▶ Source material:
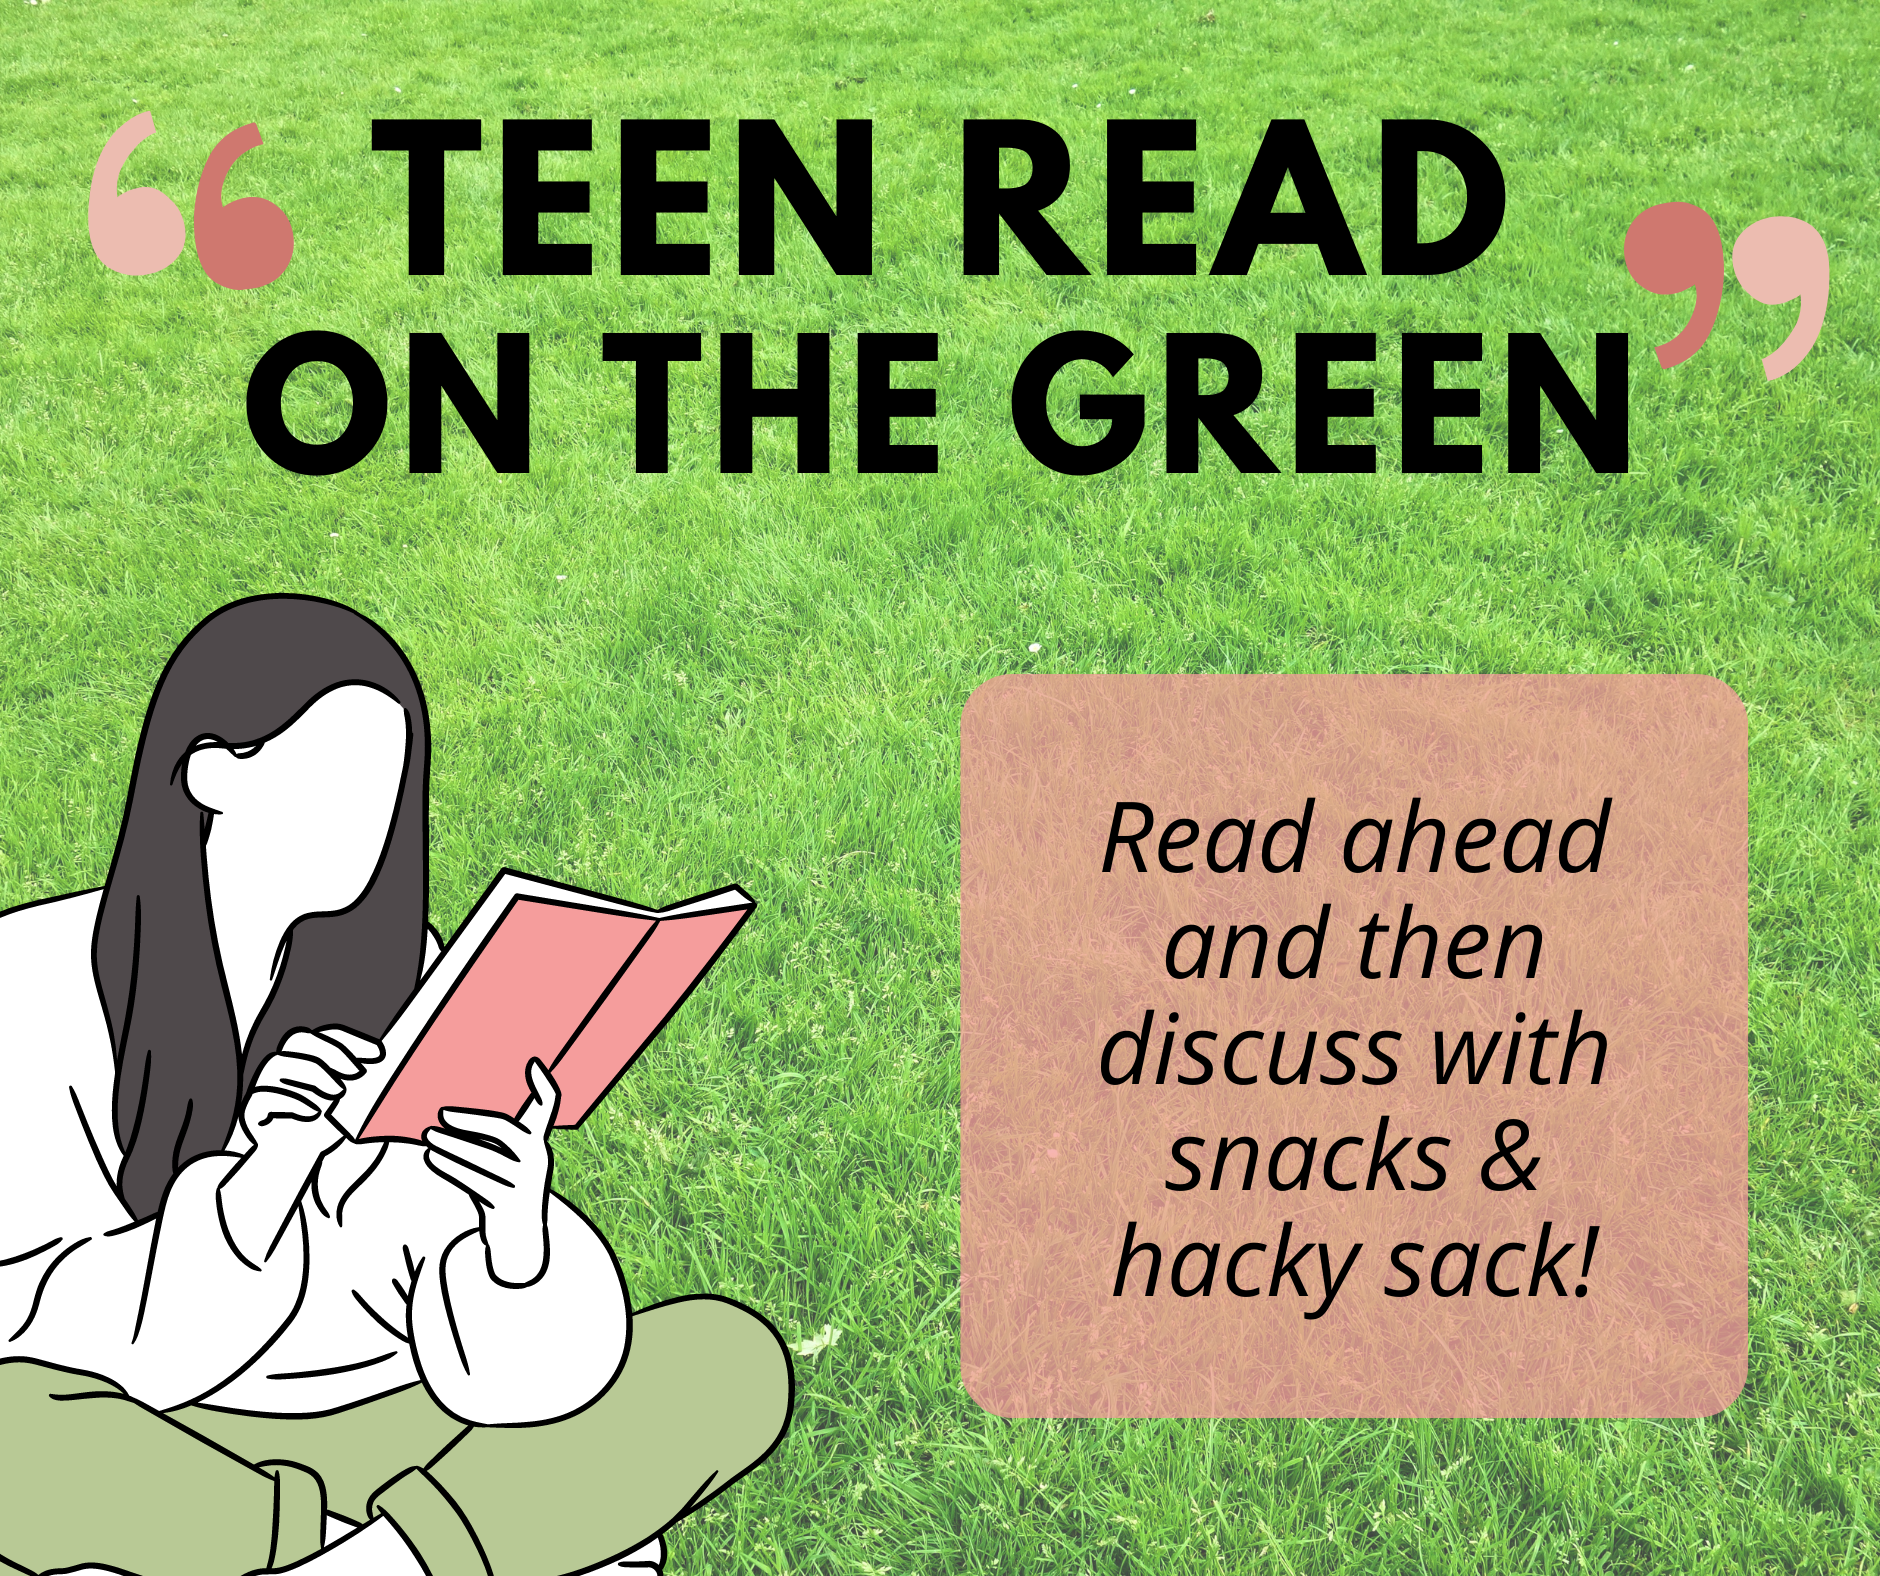 Image of person reading book that says "Teen Read on the Green"
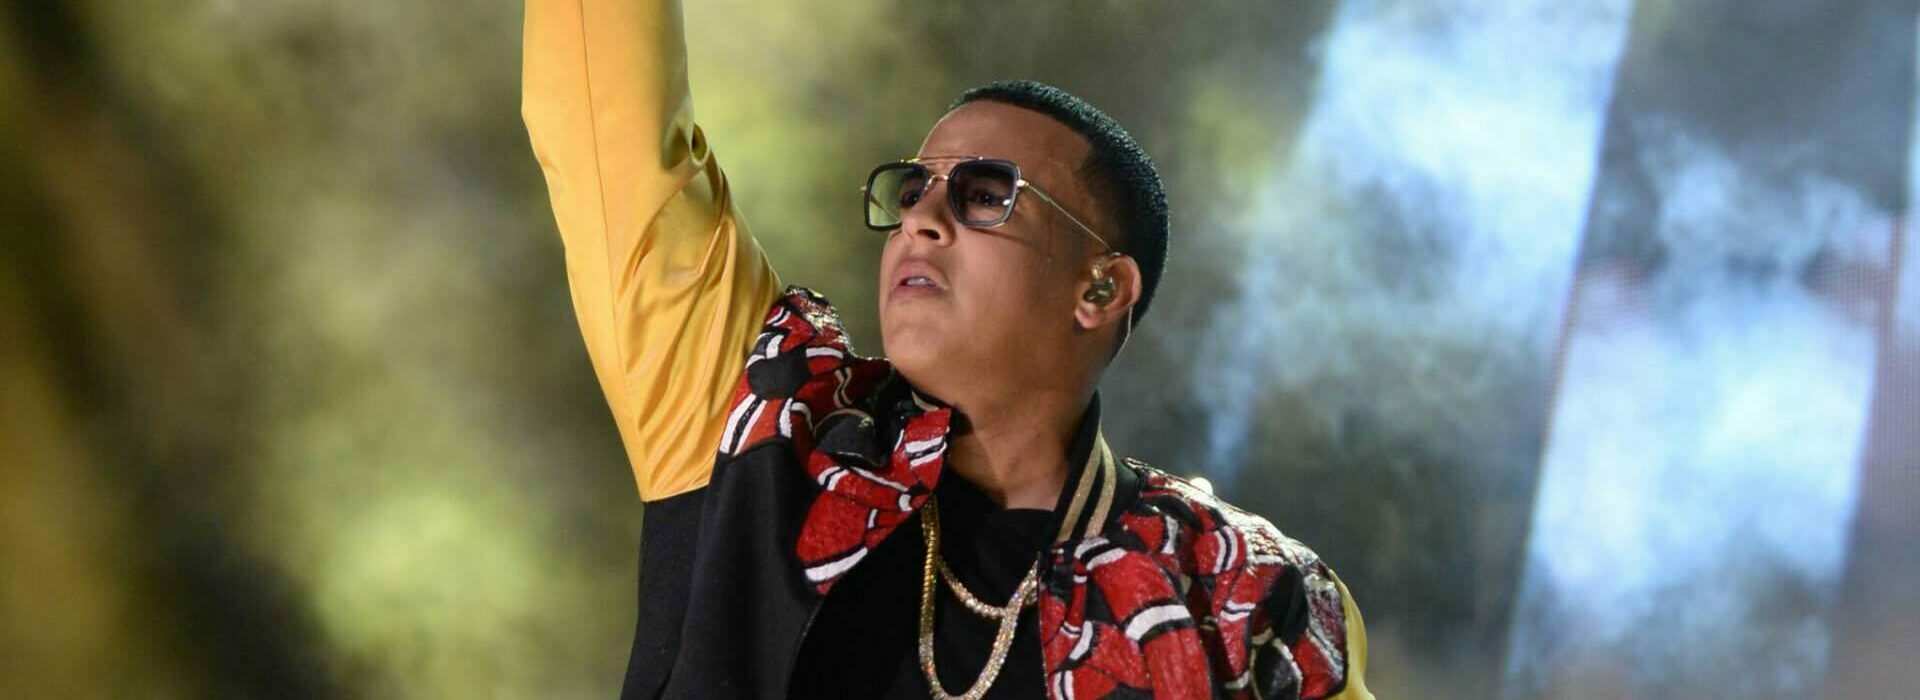 Daddy Yankee announces devotion to faith after final concert
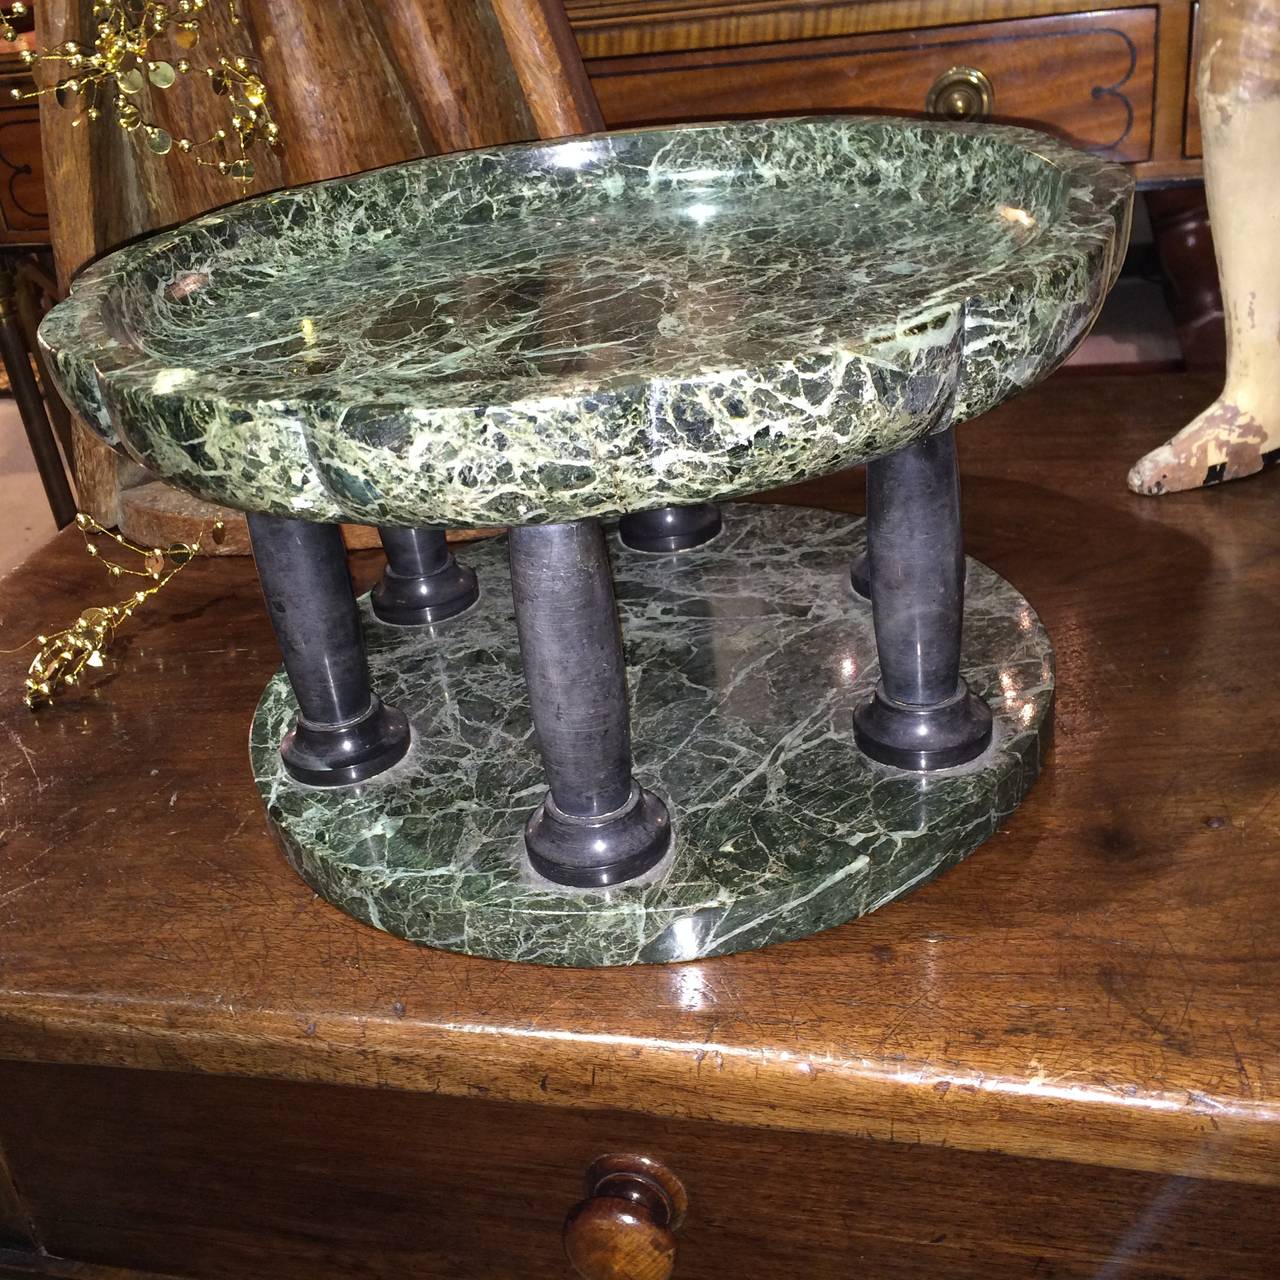 An Italian hand-carved 'Antico Verde' and black marble tazza, the scalloped top supported by six columns. A distinctive table centerpiece in the Neoclassical style.
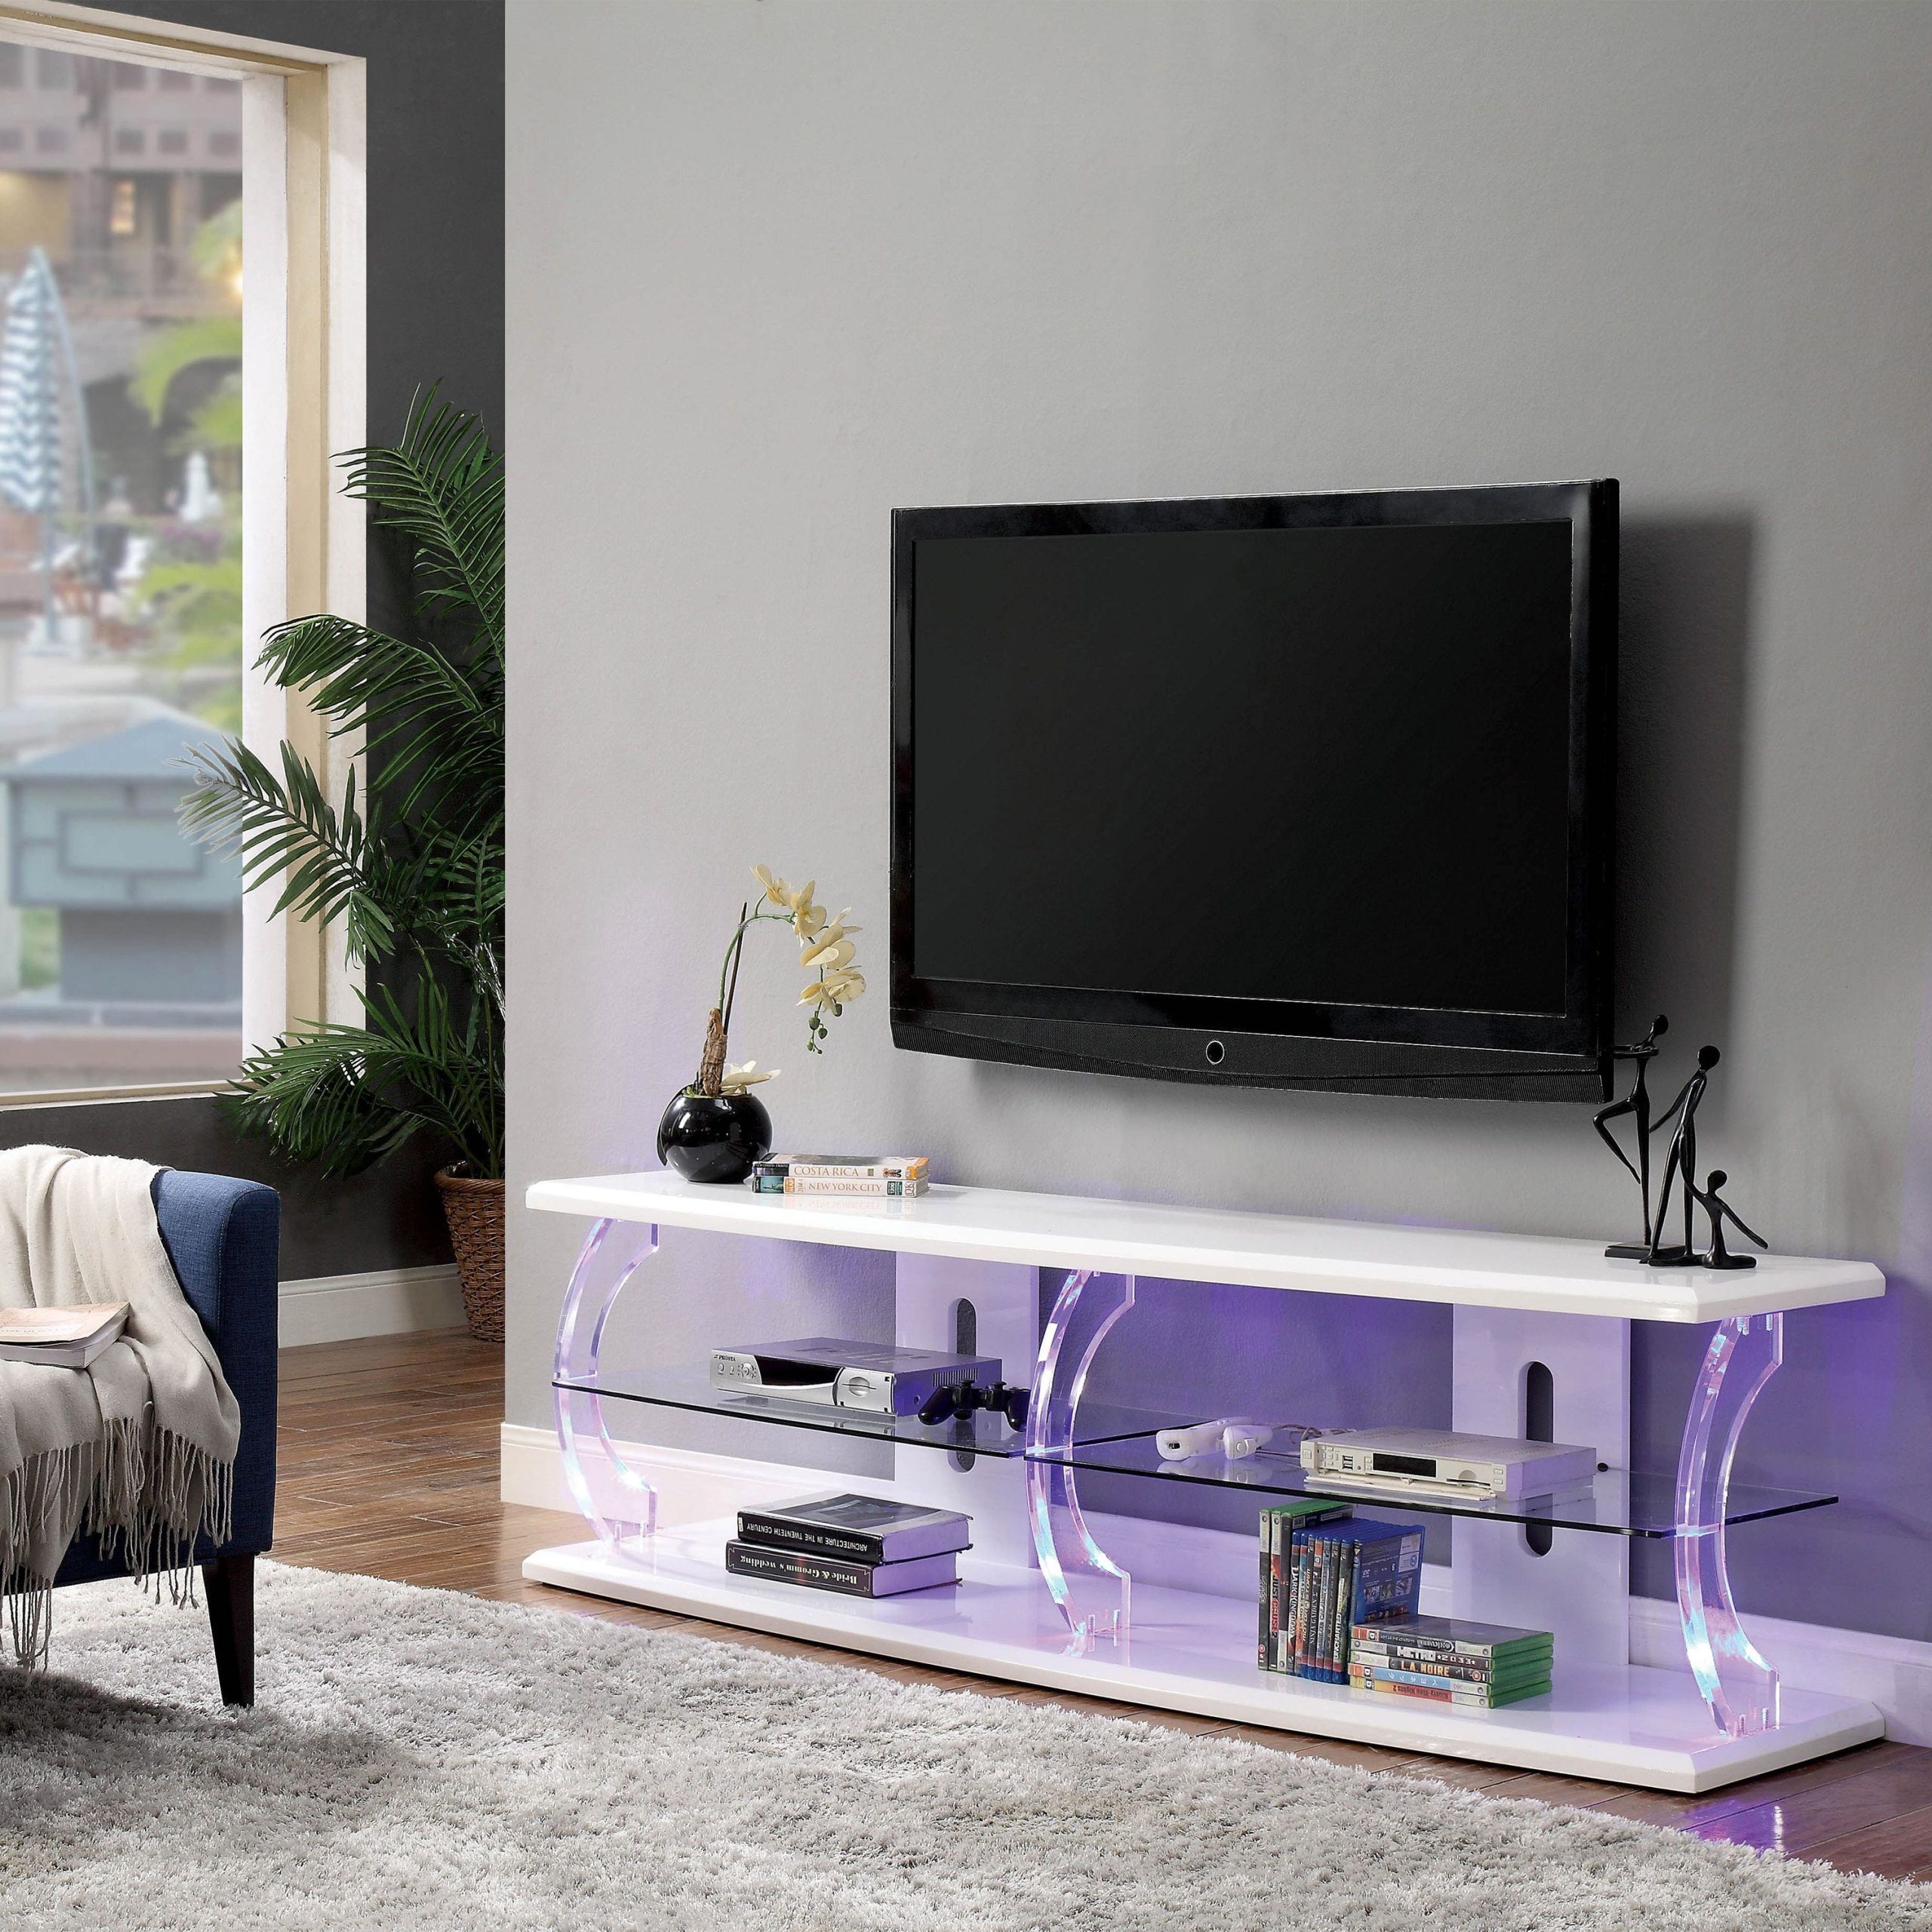 Furniture Of America Vedot Contemporary Led Tv Stand, 72", White And Regarding Led Tv Stands With Outlet (View 2 of 20)

▶ Task details: Keeping both end lines, retype exactly the lines from the first line of the material through the line that contains "An Italian hand-carved", but not the pictures.

▶ Output of the task:
 Image of person reading book that says "Teen Read on the Green"
 Daddy Yankee announces devotion to faith after final concert
 An Italian hand-carved 'Antico Verde' and black marble tazza, the scalloped top supported by six columns. A distinctive table centerpiece in the Neoclassical style.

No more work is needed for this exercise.